Thursday, October 30, 2008

Looking and seeing


Sex offenders and snow globes on display at Fulcrum Gallery.

Published in the Weekly Volcano, Oct 30, 2008
Pictured: "Observations and Perceptions" installation view, photo by Jeremy Gregory


Fulcrum Gallery owner Oliver Doriss says the latest gallery exhibition, Observations & Perceptions, is his first show “incorporating social and political commentary.” He goes on to say, “I was apprehensive going into it” — particularly apprehensive about Jeremy Gregory’s installation with portraits of sex offenders and a spoken word piece by the singer/actor Tom Waits.

Gregory’s installation takes up half of the front room of the gallery, but viewers experience it beginning outside as they approach the gallery on Martin Luther King Jr. Way.

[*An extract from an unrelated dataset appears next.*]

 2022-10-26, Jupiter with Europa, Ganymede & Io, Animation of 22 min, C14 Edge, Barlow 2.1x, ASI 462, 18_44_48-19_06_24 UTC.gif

Behind the left side picture window hang two old sash-type windows with peeling paint. Inside the gallery, more old windows and doors hang from the ceiling to partition off the left side of the front room, creating a room within a room — and that room within a room is a unified, thematic installation that is, in essence, the mysterious building Waits talks about in his eerie spoken word piece “What’s That Building in There?” that loops over and over with creepy sound effects and Waits’ famously gruff voice.

The looped spoken word is like some kind of chant to an underworld god ceaselessly asking questions about a mysterious old building. Inside we see an old work table cluttered with tools and framed portraits of men whom we learn are all registered sex offenders. Above the work table are clotheslines, and clipped to the line with pins are sketchy ink drawings that seem to be snatched from moments in various lives. Along one wall are more portraits.

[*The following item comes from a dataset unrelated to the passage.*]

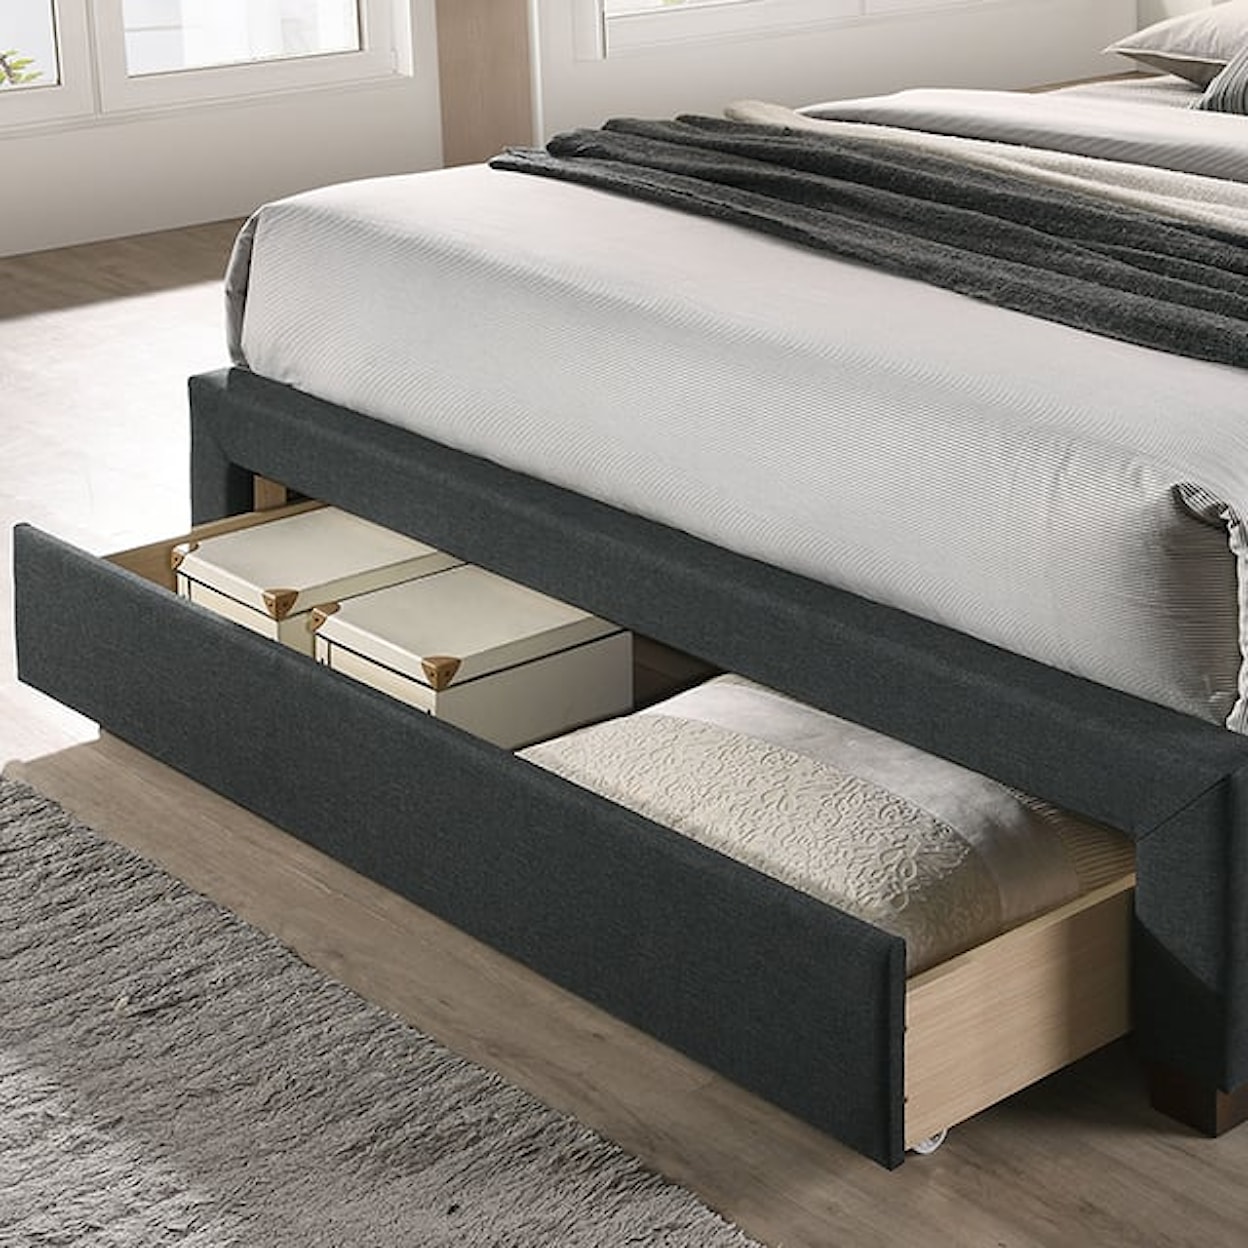 Furniture of America Sybella Full Storage Bed

The portraits are almost crudely drawn and colored in strange duotones. In one the face is black and white like a graphite drawing, and the background is a bright blue. Another face is green on a red background. Yet another is purple-faced with a green background. The colors are acidic, electric, dark, and foreboding. The facial expressions are those of mug shots.

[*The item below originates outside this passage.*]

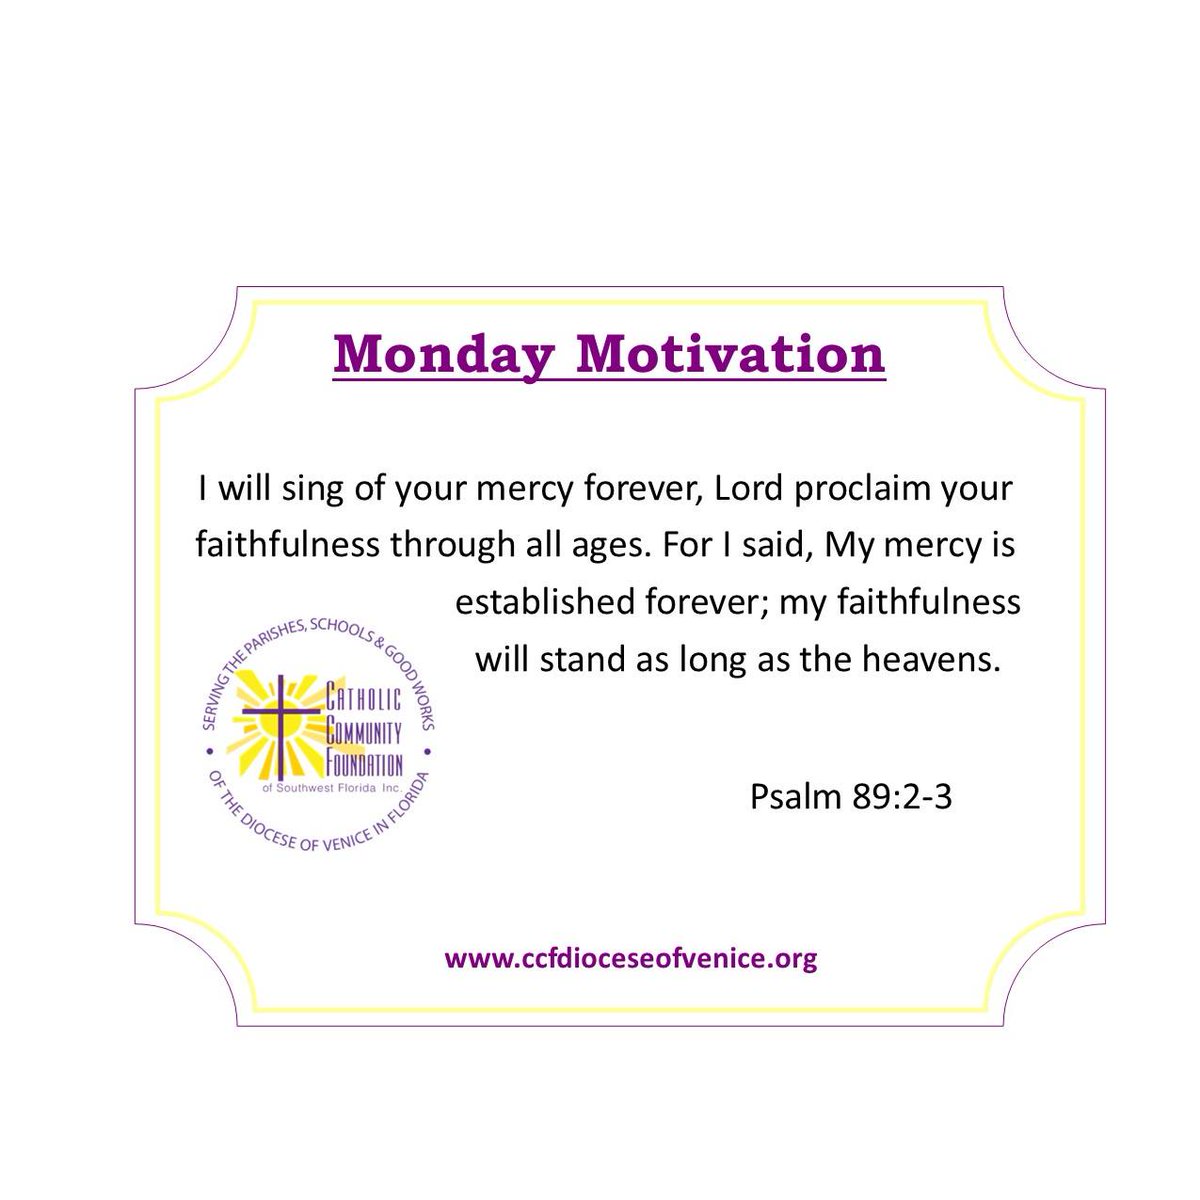 #monday #motivation #verseoftheday #faith #love #venicefl #swfl #psalms #catholiccommunity #community #catholicchurch #CCF

Gregory says the portraits all come from a registered sex offender Web site. “ … you can enter your address, and it will display all the registered sex offenders in your area,” he explains. “When I typed in the Fulcrum address I realized that the Hilltop and surrounding area were heavily populated with these people. After experiencing a range of emotions I realized that most people, directly or indirectly, have been affected by sexual crimes such as harassment, molestation, rape, assault, etc.”

This is an emotionally powerful show. The smaller framed portraits on the table are much stronger than the larger portraits along the left sidewall. The larger ones are paintings and the smaller ones chalk drawings, and it appears that Gregory is much more at ease with drawing tools. The best things about these drawings are his color choices, which fit perfectly with the overall mood of the installation.

As for the windows and doors, I think the idea was good but wish it had been carried out more fully with walls and perhaps drawn window shades so viewers would have to step inside to see what’s there. That would have made it much more effective.

In addition to Gregory’s installation, there are glass works by Doriss, including some from his delicate Sky Ponds done for the W.W. Seymour Botanical Conservatory. There are also surrealistic snow globes by Conor McClellan, a fascinating wall of ID cards by Galen McCarty Turner (part of an ongoing project that is well known by people whose phone numbers start with 253), and three wonderful little op-art paintings by Elise Richman. The Richman paintings are particularly interesting upon close examination when what looks like typical landscape-based abstractions are seen to be raised points of “beads, dollops and pools of paint.”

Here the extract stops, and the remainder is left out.